Managing application uptime, performance and meeting SLAs requires a larger set of tools which leverage tracing along with metrics and logs. To collect and analyze this data, additional open source technologies are necessary, most often the ELK stack, Grafana, and Prometheus. Managing these stacks is complex when you have so many methods of data collection and storing.
Finally, the hardest problem is measuring and understanding the overhead trace, log, and metric collection can add to your application. Sometimes overhead is reported by agents with auto instrumentation, but not something that logging libraries or metric libraries measure or collect.
In this talk you’ll learn how to measure and understand relevant metrics for the overhead these introduce and how to ensure your application performs well with minimal cost or infrastructure use.
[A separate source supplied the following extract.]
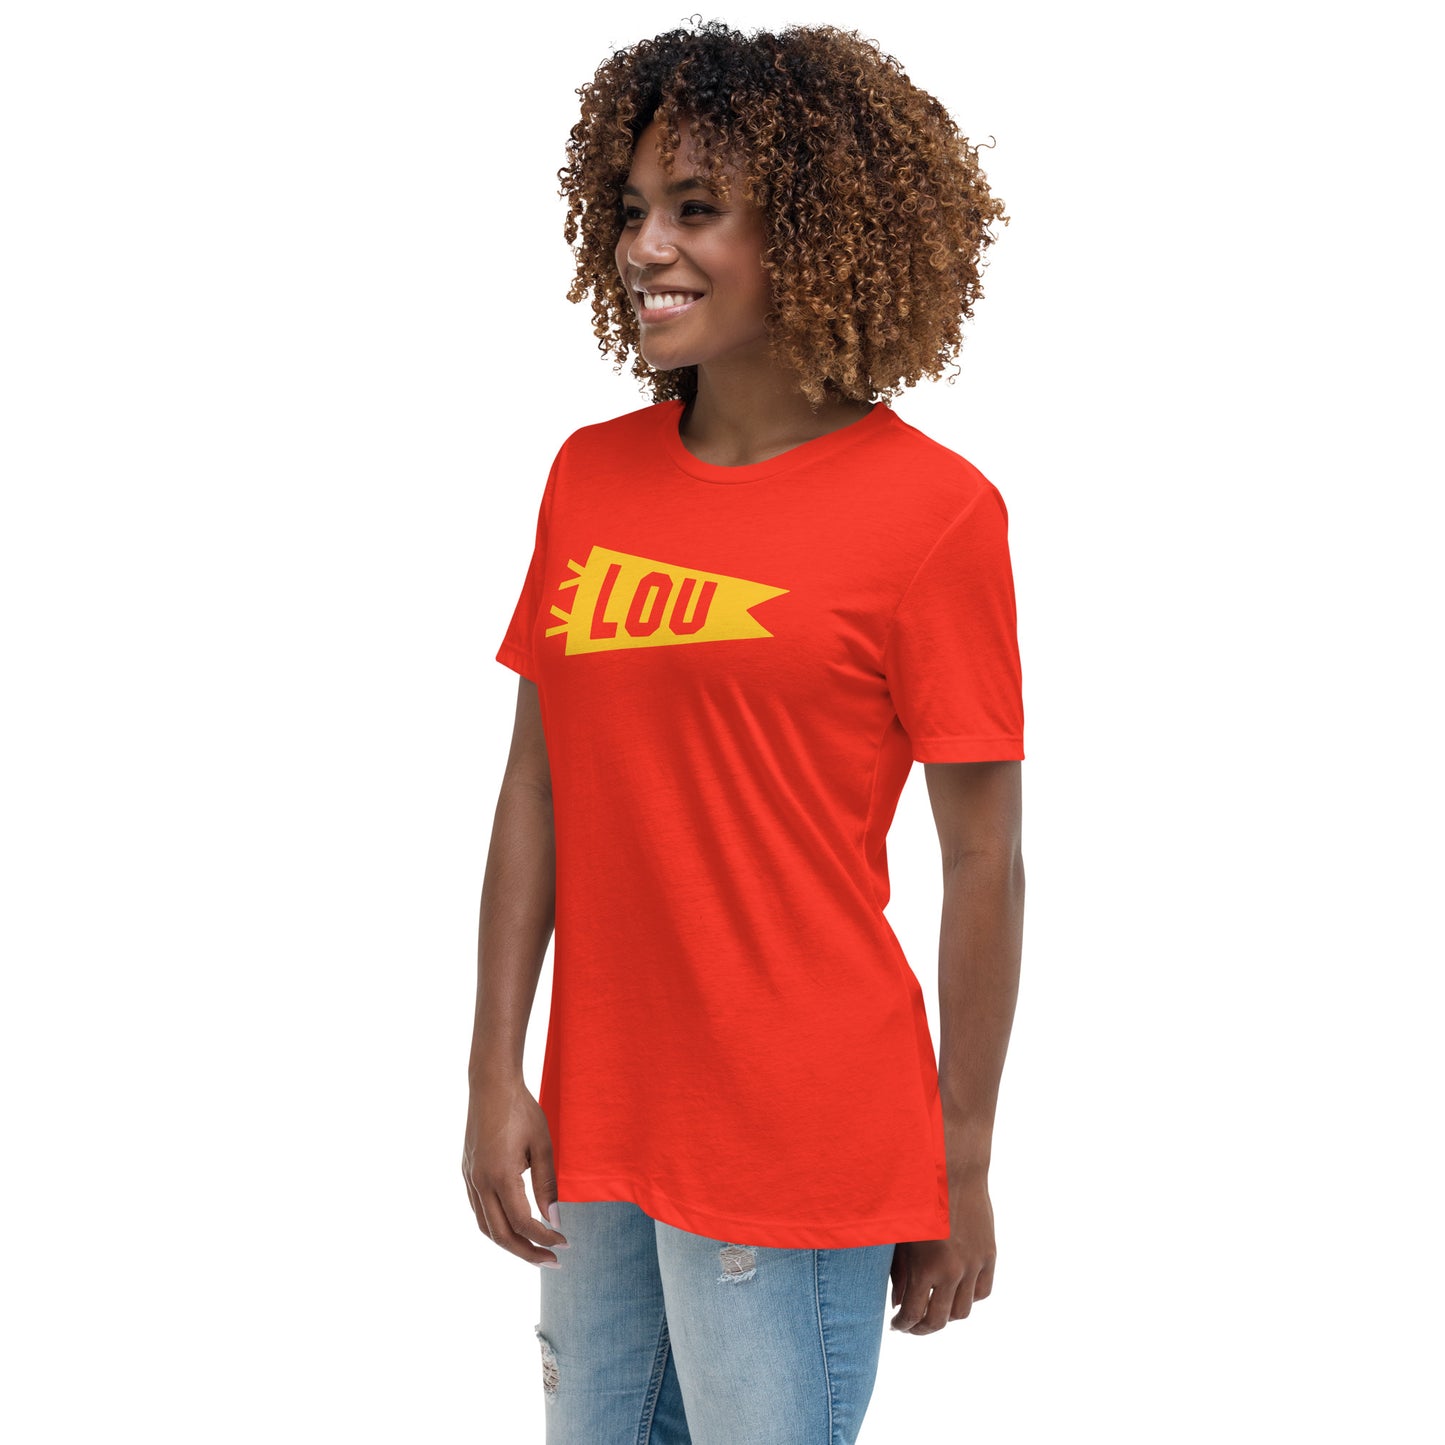 Airport Code Women's Tee - Yellow Graphic • LOU Louisville • YHM Designs - Image 04

Jonah Kowall trained in computer science and co-founded one of the first content filtering companies in the late 1990s. Jonah became a security expert committing code to both the FreeBSD project and helped build the first wireless cracking algorithms. Jonah received his CISSP and CISA along with several infrastructure-related certifications and awards. Throughout 15 years as a practitioner and manager across both startups and large enterprises focusing on infrastructure and operations, security, and performance engineering. Spearheading both tactical and strategic operational initiatives, going deep into monitoring and tuning of infrastructure and applications.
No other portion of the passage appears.